EquiformerV3: Scaling Efficient, Expressive, and General SE(3)-Equivariant Graph Attention Transformers
As SE(3)-equivariant graph neural networks mature as a core tool for 3D atomistic modeling, improving their efficiency, expressivity, and physical consistency has become a central challenge for large-scale applications. In this work, we introduce EquiformerV3, the third generation of the SE(3)-equivariant graph attention Transformer, designed to advance all three dimensions: efficiency, expressivity, and generality.

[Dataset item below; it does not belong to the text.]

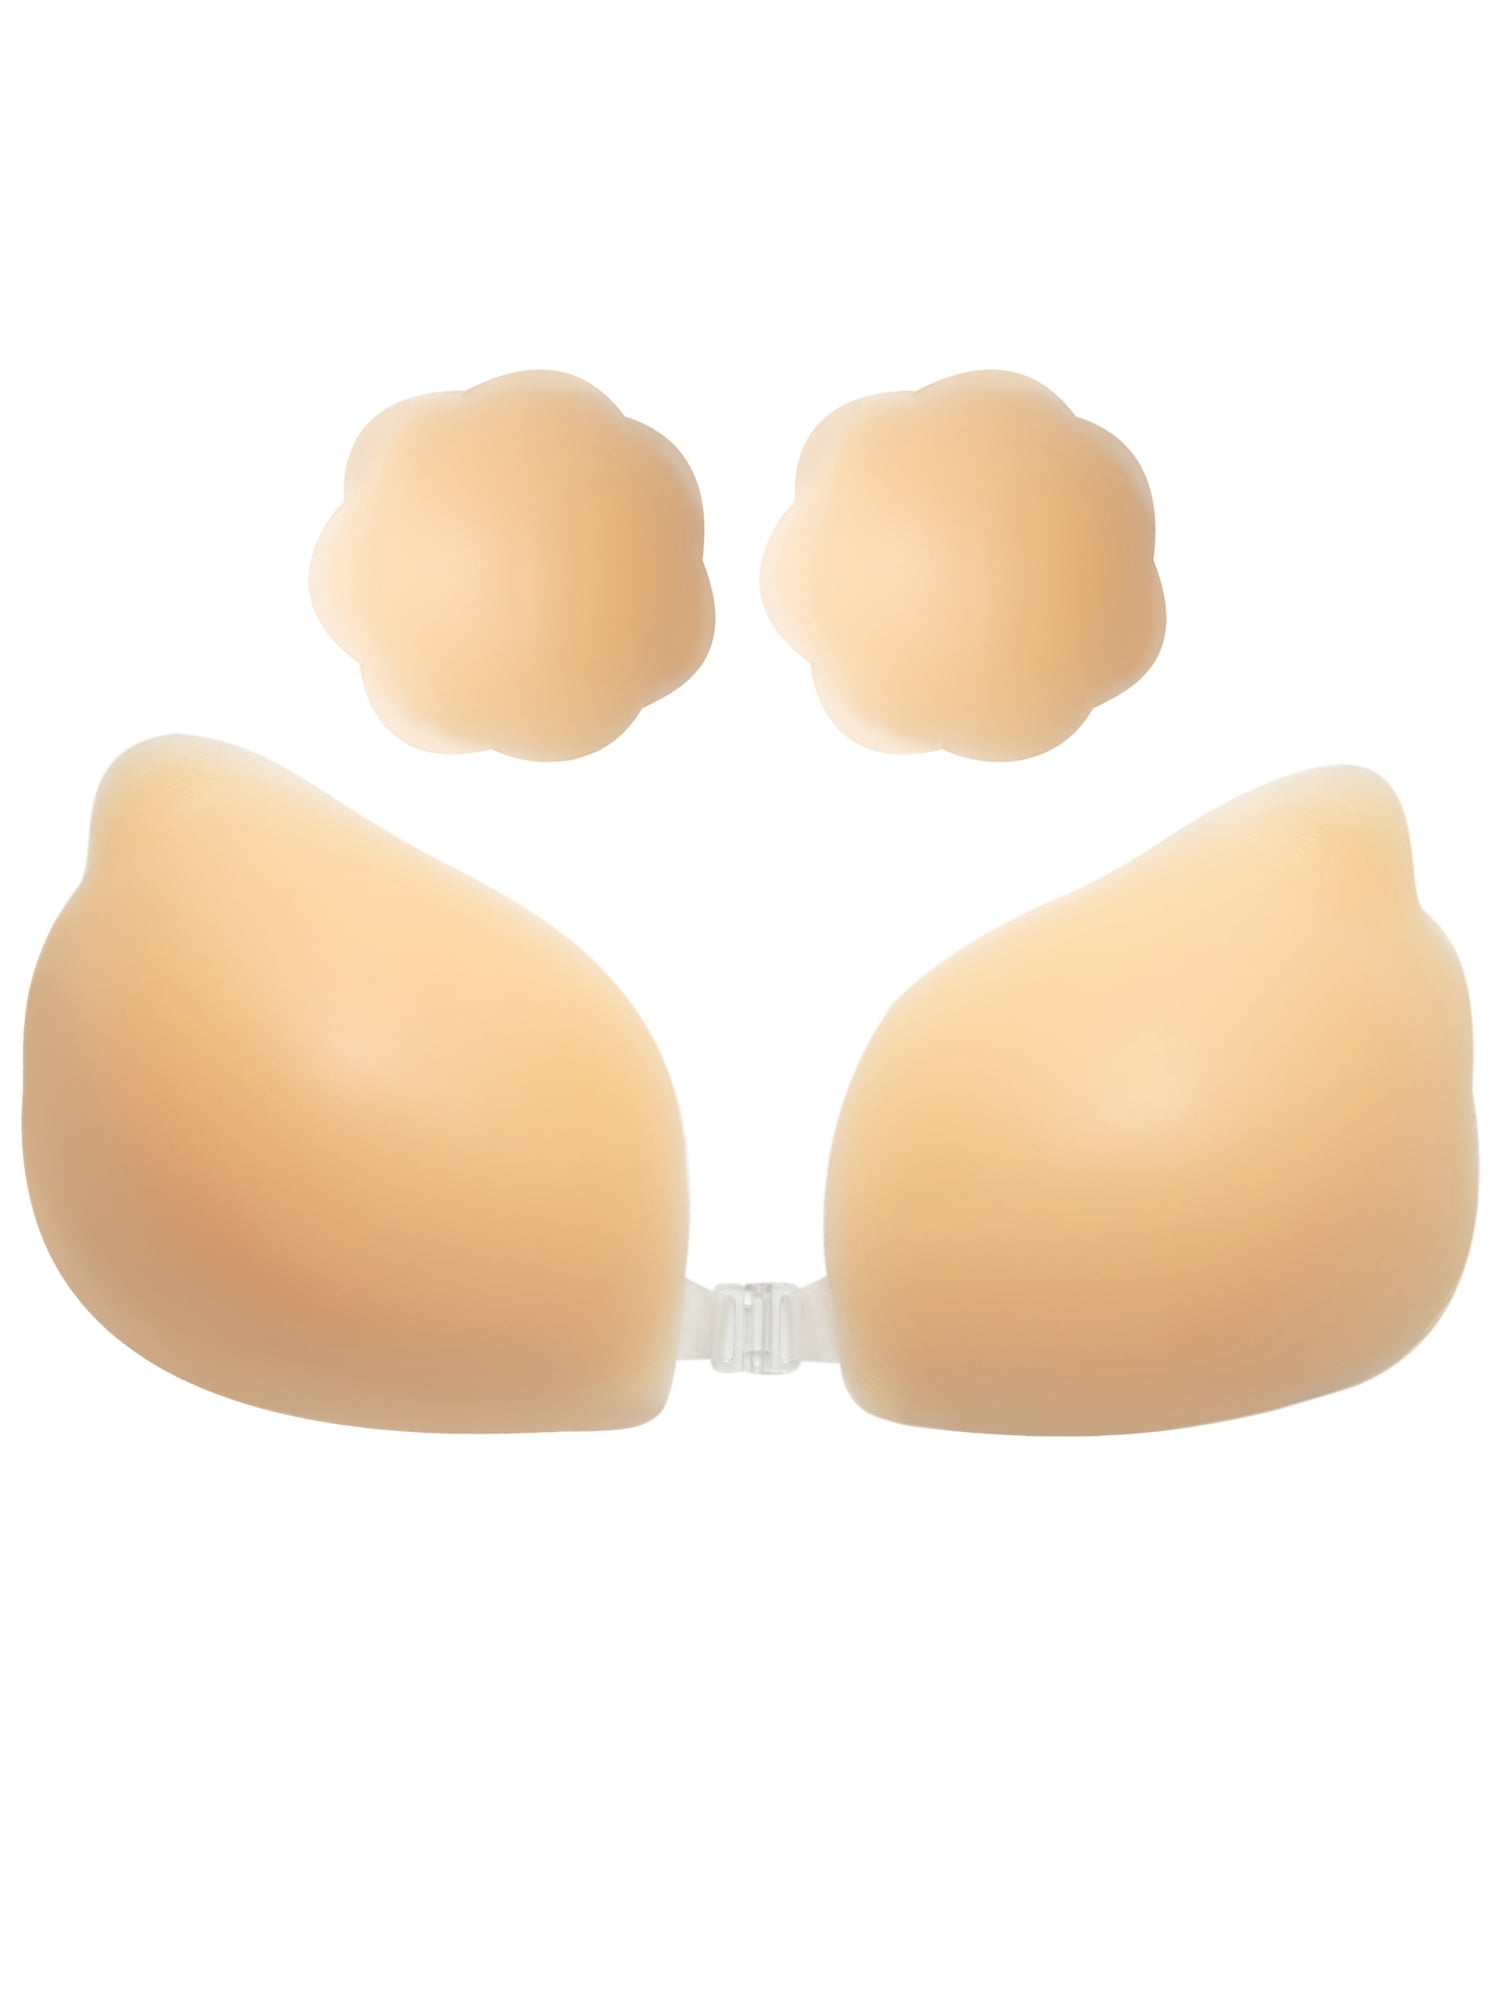 UK Women Invisible Silicone Breast Boob Lift Up Tape 2 Wings Bra Nipple Cover

Building on EquiformerV2, we have achieved the following three key advances:
- Optimized Software Implementation: We have successfully optimized the software implementation of EquiformerV3, achieving a remarkable 1.75× speedup compared to its predecessor. This enhancement significantly reduces computational overhead, making the model more accessible for large-scale applications.
- Modifications to EquiformerV2: We introduce simple yet effective modifications that enhance the performance of EquiformerV2. These include:
- Equivariant merged layer normalization
- Improved feedforward network hyper-parameters
- Attention with smooth radius cutoff
- SwiGLU-$S^2$ Activations: To incorporate many-body interactions for better theoretical expressivity, we propose SwiGLU-$S^2$ activations. This innovation preserves strict equivariance while reducing the complexity of sampling S^2 grids. Together with smooth-cutoff attention, these activations enable accurate modeling of smoothly varying potential energy surfaces (PES).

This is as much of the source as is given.